Выбрать главу

Подкатил голубой ободранный «шевроле». За рулем сидел молодой человек в шляпе ковбоя. Хлопнул дверцей. Расправил плечи. Смуглое лицо, обрамленное смоляной курчавой бородкой. На мягких сапогах — шпоры. Лаптев перевел взгляд на Росарио и снова посмотрел на юного кубинца: будто копия пикадора тех далеких испанских дней!..

— Познакомьтесь. Управляющий народным имением, — представил Росарио.

Управляющий начал показывать им свое хозяйство, повел на фермы, к легким навесам с загородками из жердей. Под навесами меланхолично пережевывали корм горбатые зебу и коровы.

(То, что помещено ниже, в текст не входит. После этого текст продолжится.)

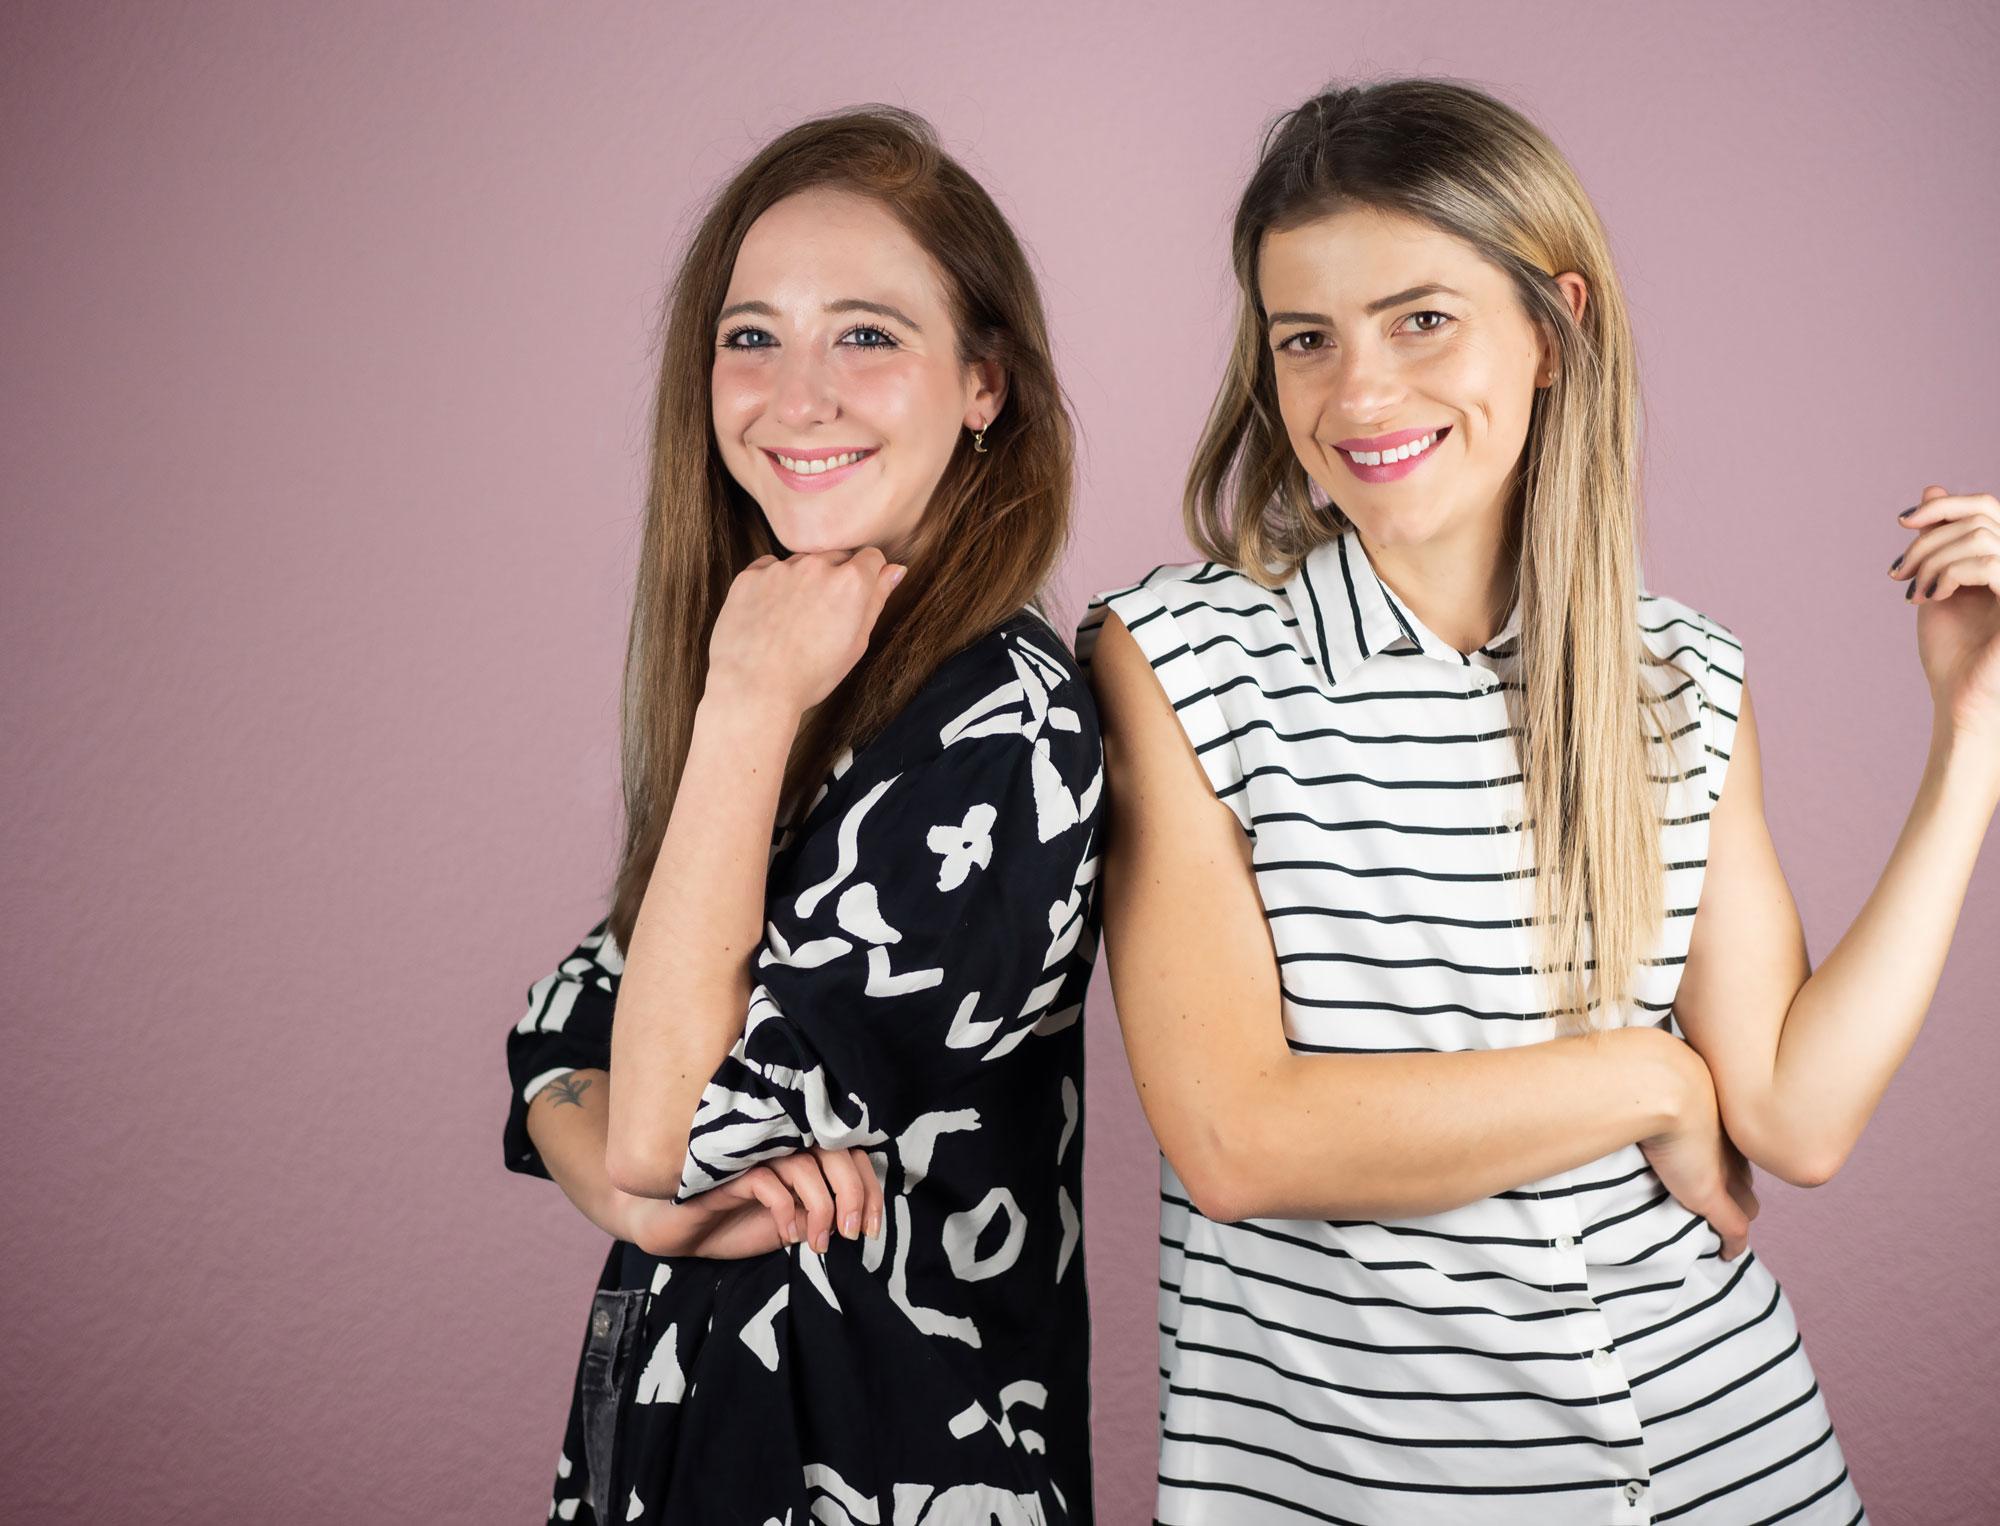 Teamfoto von Ronja Heinz und Melody Clemons. Team der Minerva Kreativagentur für Design Branding Websites und Marketing für die Gesundheitsbranche

— Здесь все для крестьян в новинку, — снова вступил в права гида Эрерро. — И дома, и фермы, и даже то, что коров можно доить два-три раза в день. Раньше здесь получали от коровы молока меньше, чем у вас от козы. Когда советские зоотехники организовали показательную вторую дойку, гуахиро приехали чуть ли не со всей округи.

Росарио легко перепрыгнул через загородку. Схватил за рога крепыша бычка и ловко, казалось, без усилия, повалил его на спину. Бычок беспомощно засучил в воздухе копытами.

«Ишь ты...» — посмотрел на бывшего пикадора Андрей Петрович.

Боцман Храпченко не удержался, перелез через ограду, подступил к другому бычку, вцепился в него, сопел-сопел, но побороть не смог:

— Ч-чертов сын!..

Подошли светловолосые парни. Они были в клетчатых рубахах, их носы на январском солнце обгорели до клочьев.

— А, морячки! Здорово! Есть ростовские? А харьковские?..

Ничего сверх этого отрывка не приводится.